20 Aralık 2009 40 şiiri var.
Yorumlar (9)
  • 14 yıl önce

    resmin üç karış ötede, bağrın kuş uçuşu bir hafta, bu sözüm sana; susuz gülsüz ve ağaçsız toprak, sanma ki sitemdir sanma ki unuturum ve unuttururum seni Yürek titredi. Kaleminiz daim olsun.

  • 14 yıl önce

    hala söylenir yankılanır üzerinden bir nisan yağmuru uğultusunda dumanlı dumanlı geçer türkülerin...

    👍👍👍👍güzeldi.

  • 14 yıl önce

    şimdi evlerinin enkazında açar yediverenler sahipsizdir kana bandırırlar yapraklarını...

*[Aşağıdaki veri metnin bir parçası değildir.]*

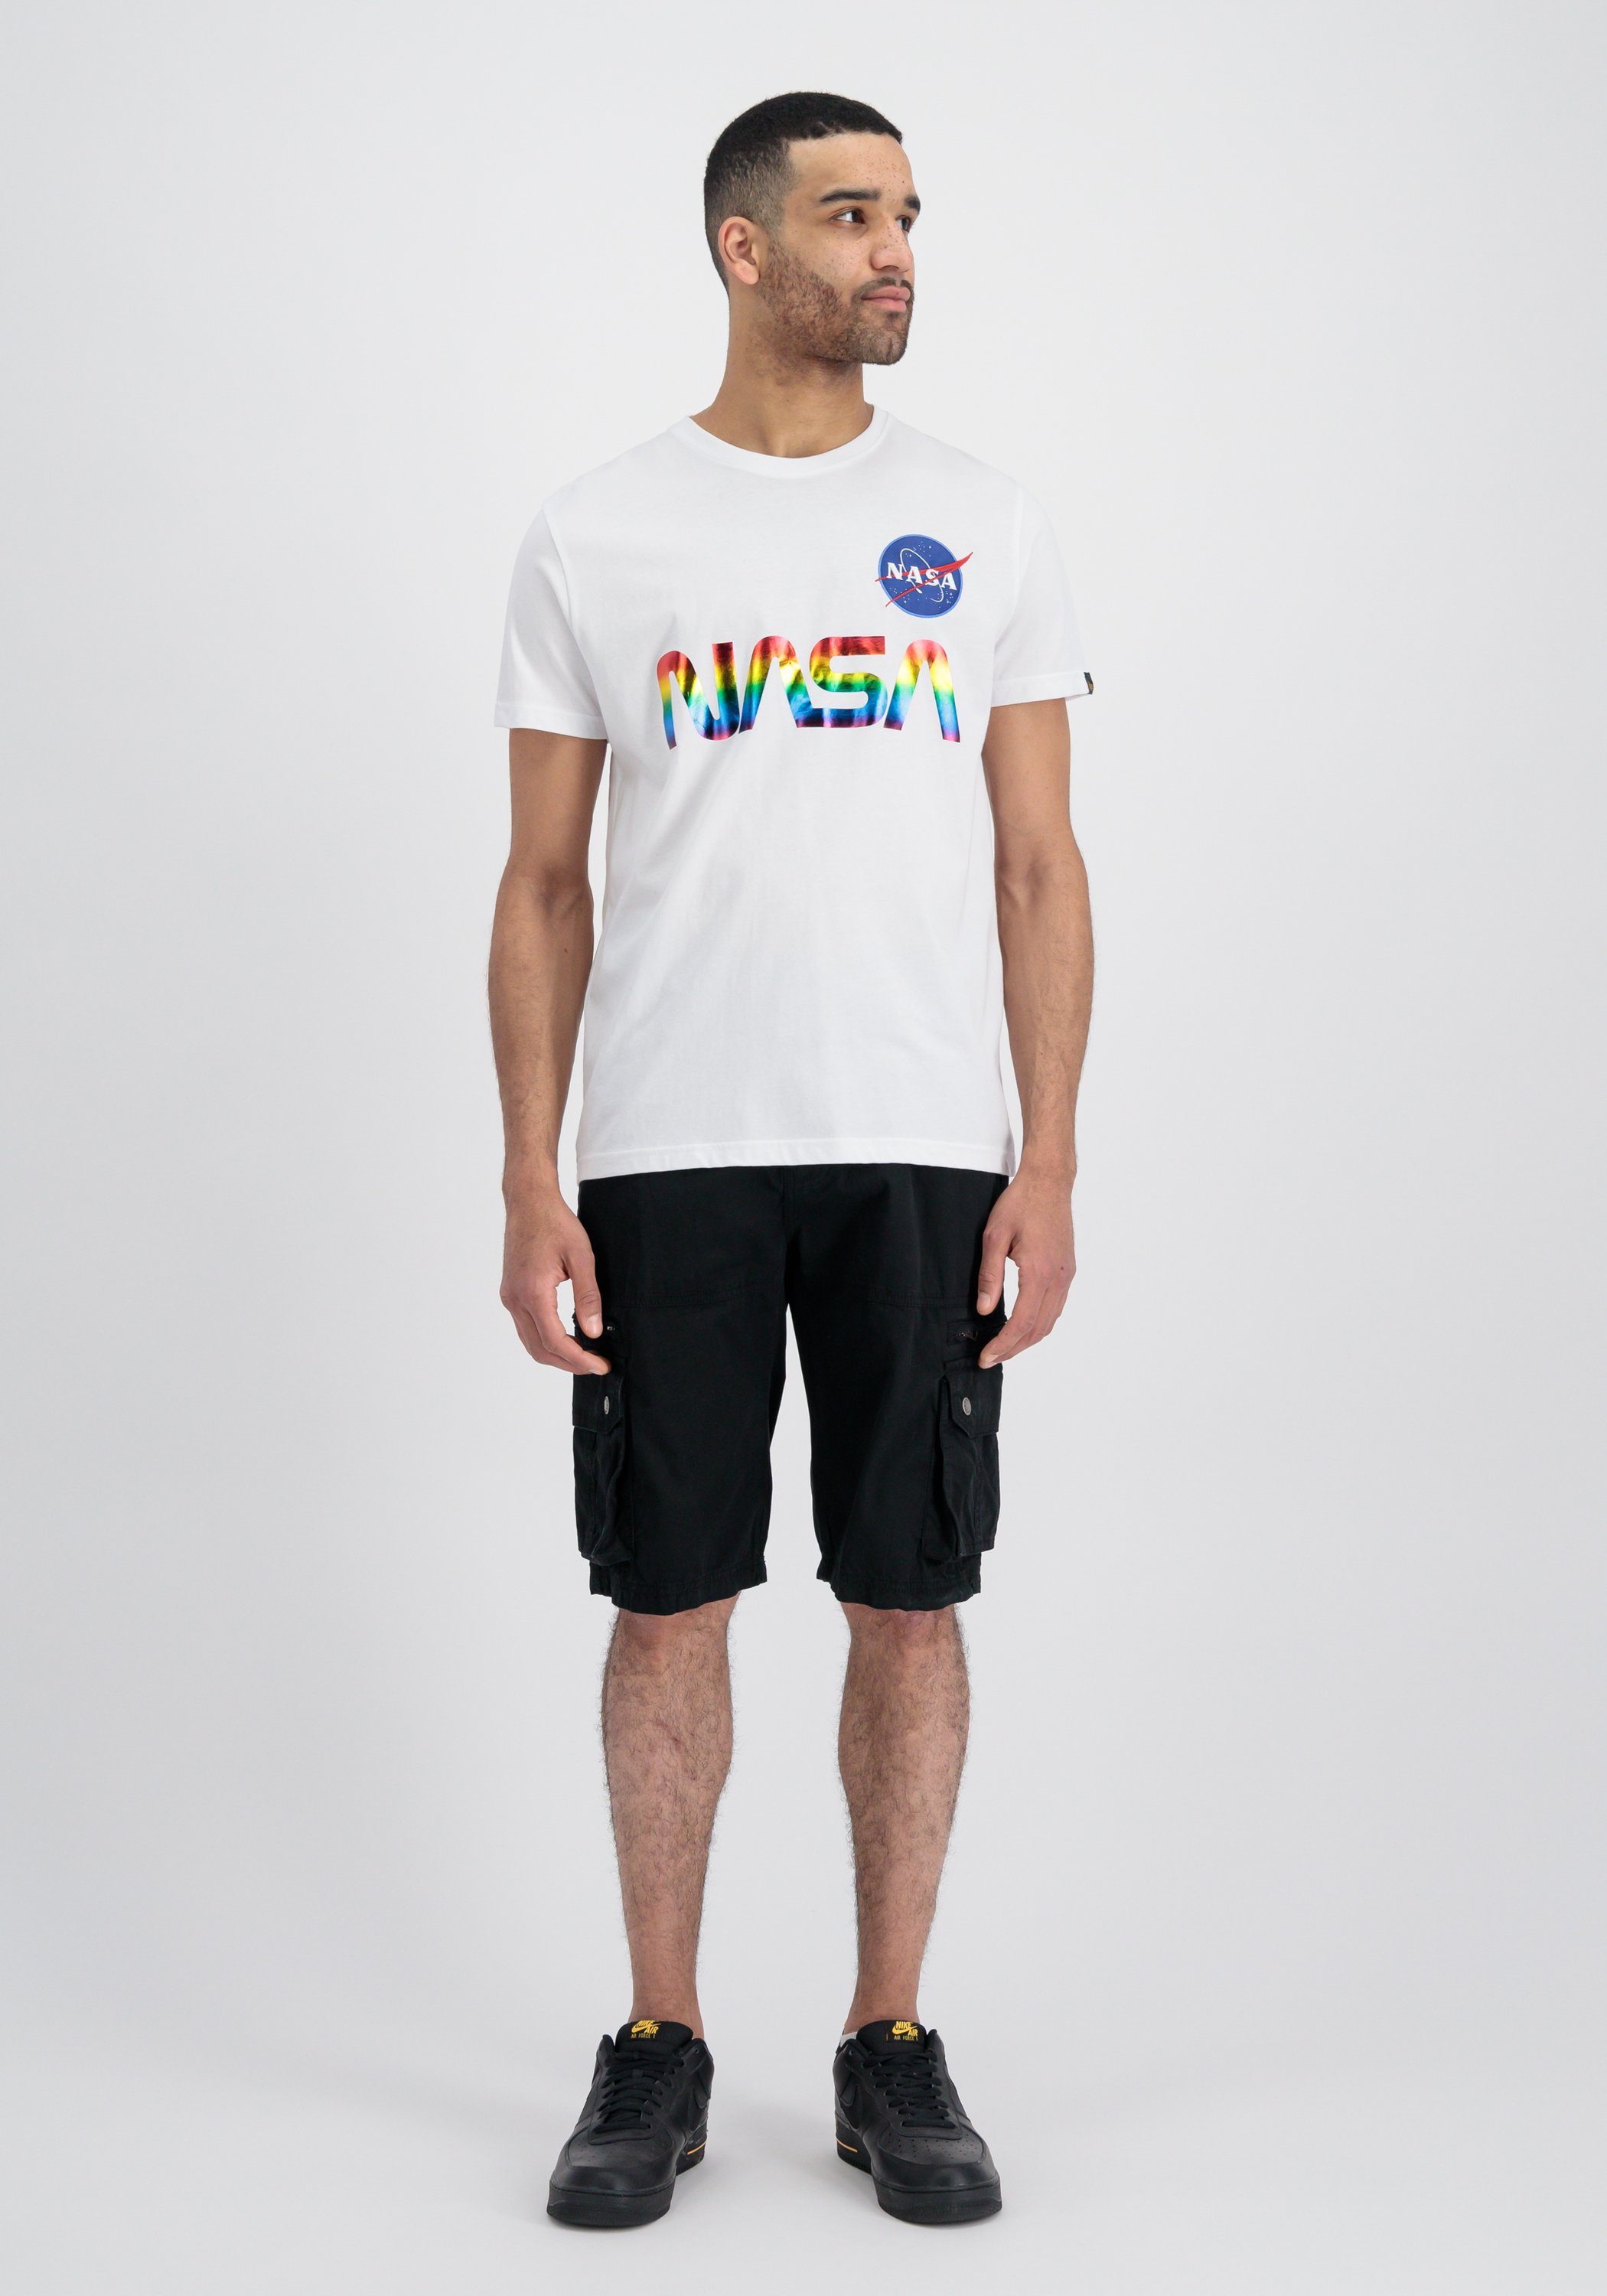 T OTTO | Metal de in NASA T-shirt online Refl. Industries Alpha - Alpha Industries T-Shirts shop Men

    tebriklerim yüreğine........

  • 14 yıl önce

    Bu şiire günün değil ama gönlümün pırlantasını takıyorum. İlk dizesinden son dizesine şiir olduğu için. şimdi eksiksiz bir göçü nasıl yakalarız?. At olmalı çadır olmalı olmadı yatak hurcu ve kuşlar olmalı terk edilen yurt olmalı... Bunların tümünü bir gönülden göçe toplarsak nasıl şiir olmaz. Emek bilgi duygu ve şiir dizme işçiliği..."kimi, yeleleri terli atlarını sürüp murat çayının asi bağrını deşerek, kimi, olanca sessiz ve sahipsiz dönüp arkaya tekrar tekrar bakarak kızıl tarlalarına yalın ayak, gittiler..." dedim ya gönül pırlantam takılı kalsın şair.

  • 14 yıl önce

    Öyküde değil,gerçekte hep olmuştur o göçler, olmaktadır da. Tıpkı görkemli finaldeki gibi tanımlanamaz acı kalır sonunda.

    Kutluyorum.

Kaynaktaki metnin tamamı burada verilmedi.